Recent news reports have painted Kagan as a lone ranger, but many law schools were gunning for military recruiters. Once the 1996 Solomon Amendment, in which Congress said it could deny federal funding to schools that did not permit recruiters or ROTC on campus, was declared unconstitutional, Kagan quickly made her move in 2004, as did others. (The Solomon Amendment has been through many rewrites since.)
Looking back before Kagan’s tenure as dean, a 1999 article in MIT’s “The Tech” reported, “The 162 institutions belonging to the American Association of Law Schools, including Stanford, have pledged to bar campus employment recruiters who discriminate by sexual orientation.” Even in the mid-1990s schools like Stanford were tossing recruiters. Just as with secondary schools, Congress pointed out these elite law schools had students who received federal funding.
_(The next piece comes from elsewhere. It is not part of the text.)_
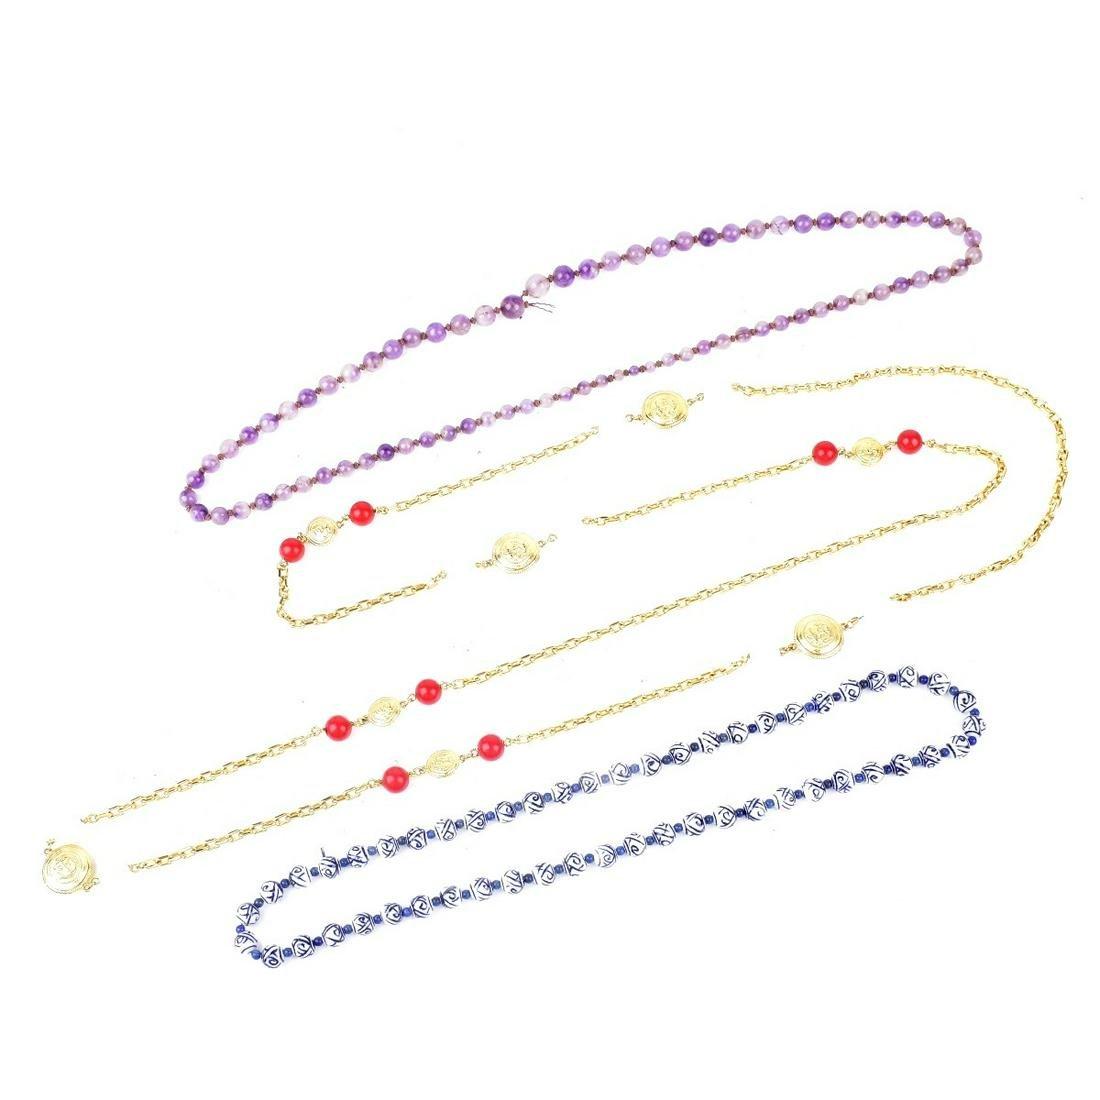 Three Vintage Fashion Necklaces

Enter the Solomon Amendment. Schools had a choice: Lose the financially disadvantaged students (and other federal funds) and stand against DoD policy on homosexual service or open to business as usual. Most schools backed down, but it has been reported New York University law school kept its ban in place and did not lose its federal funding.
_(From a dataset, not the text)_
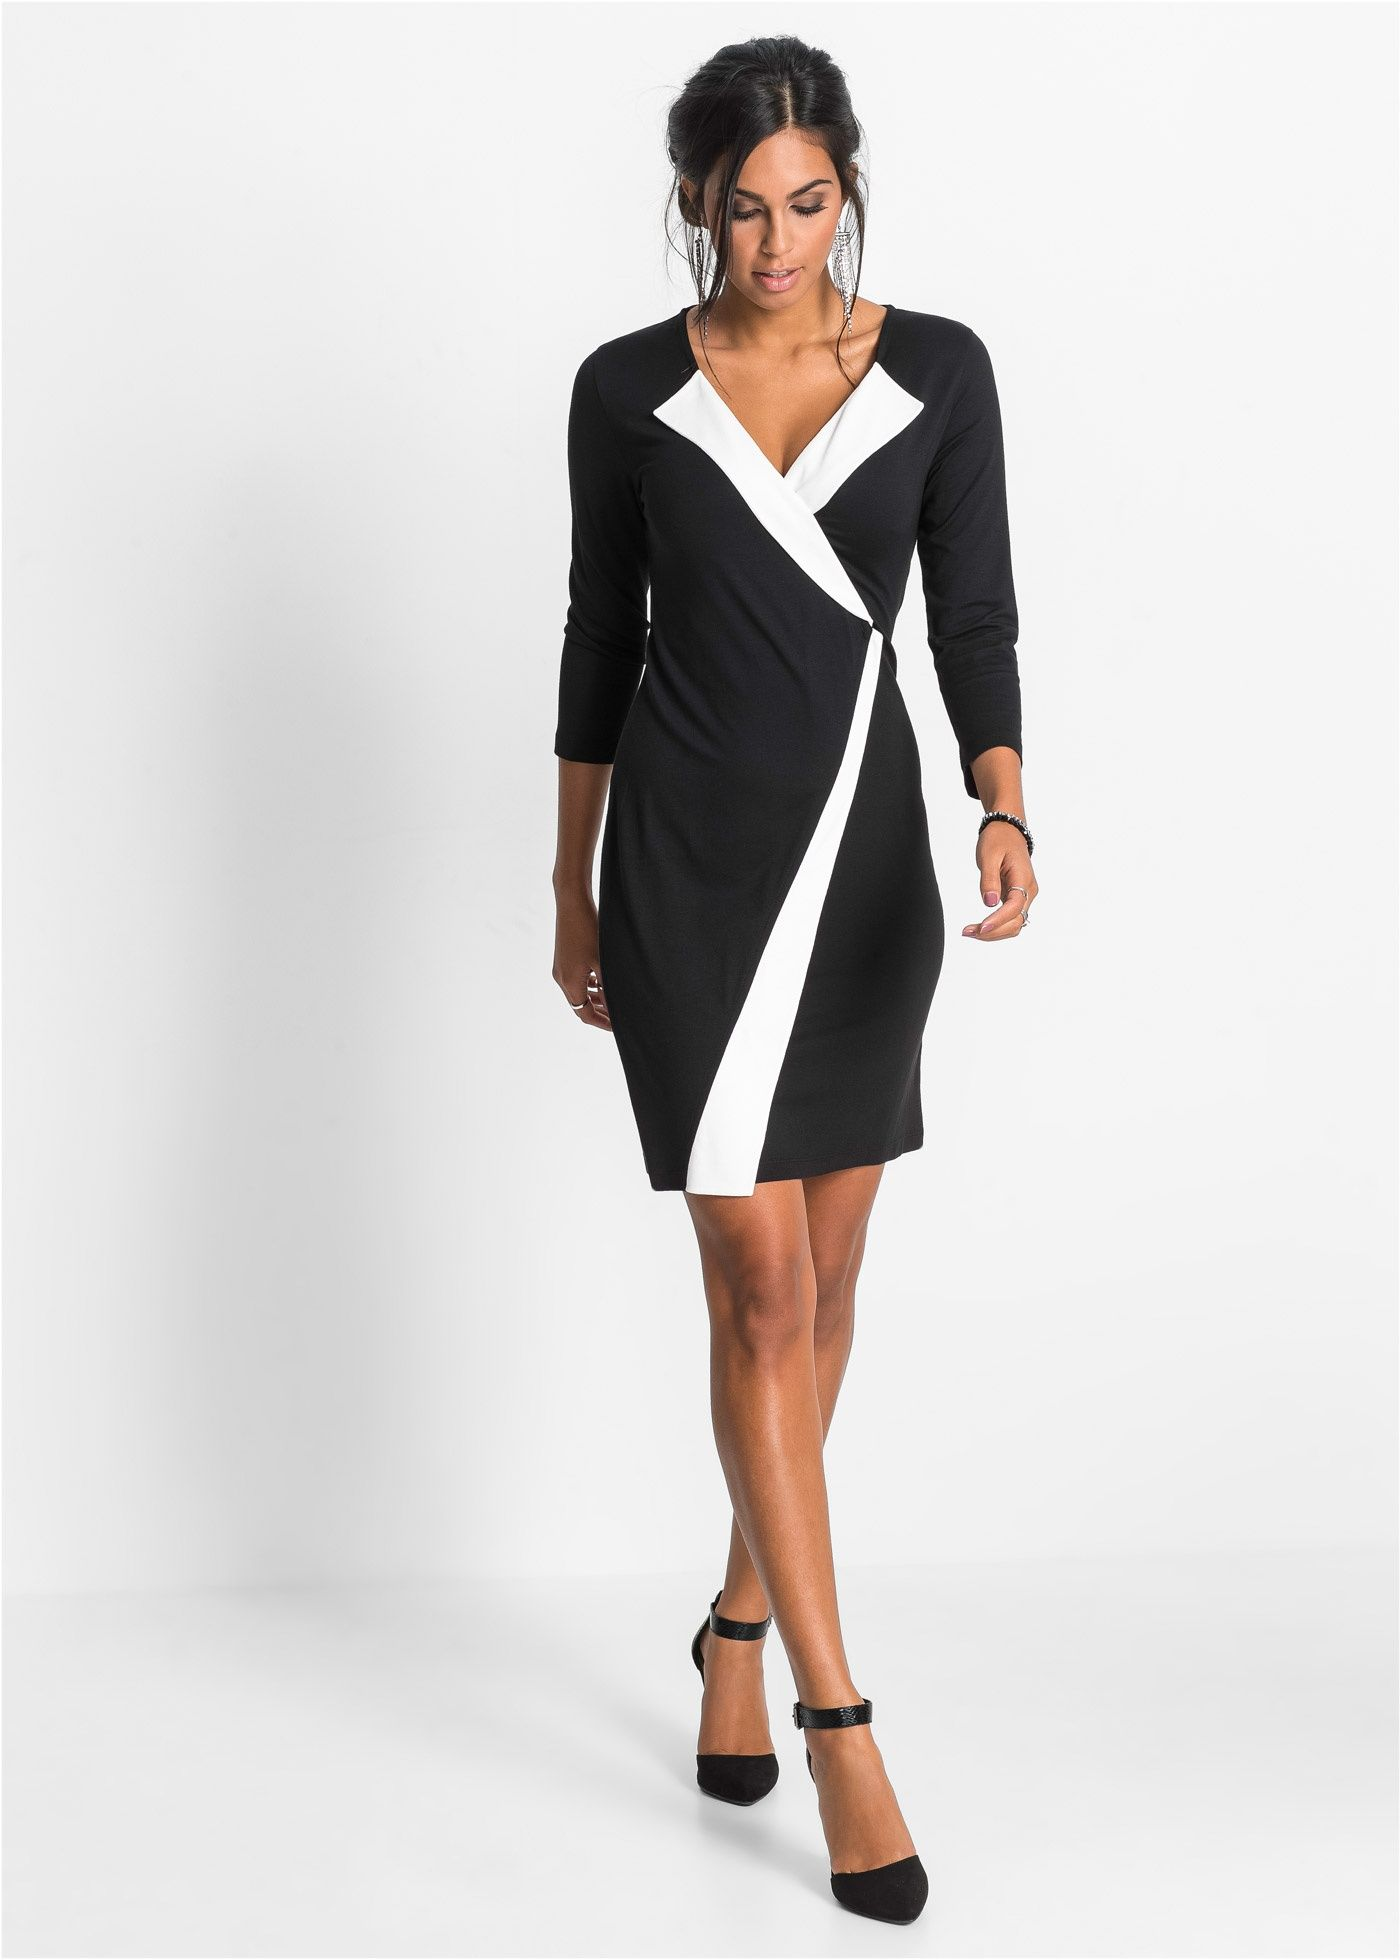 Commandez maintenant Robe jersey noir/blanc cassé - BODYFLIRT à partir de  32,99

In 1999 Harvard allowed the recruiters on campus but would not allow them to use the career development center.
It seems there are two law schools currently that prohibit military recruiters – Vermont and William Mitchell College of Law, St. Paul, Minn.
We’re not advocating for Elena Kagan. But the military recruiter controversy has been widespread. Not that one would know it from reading recent reports.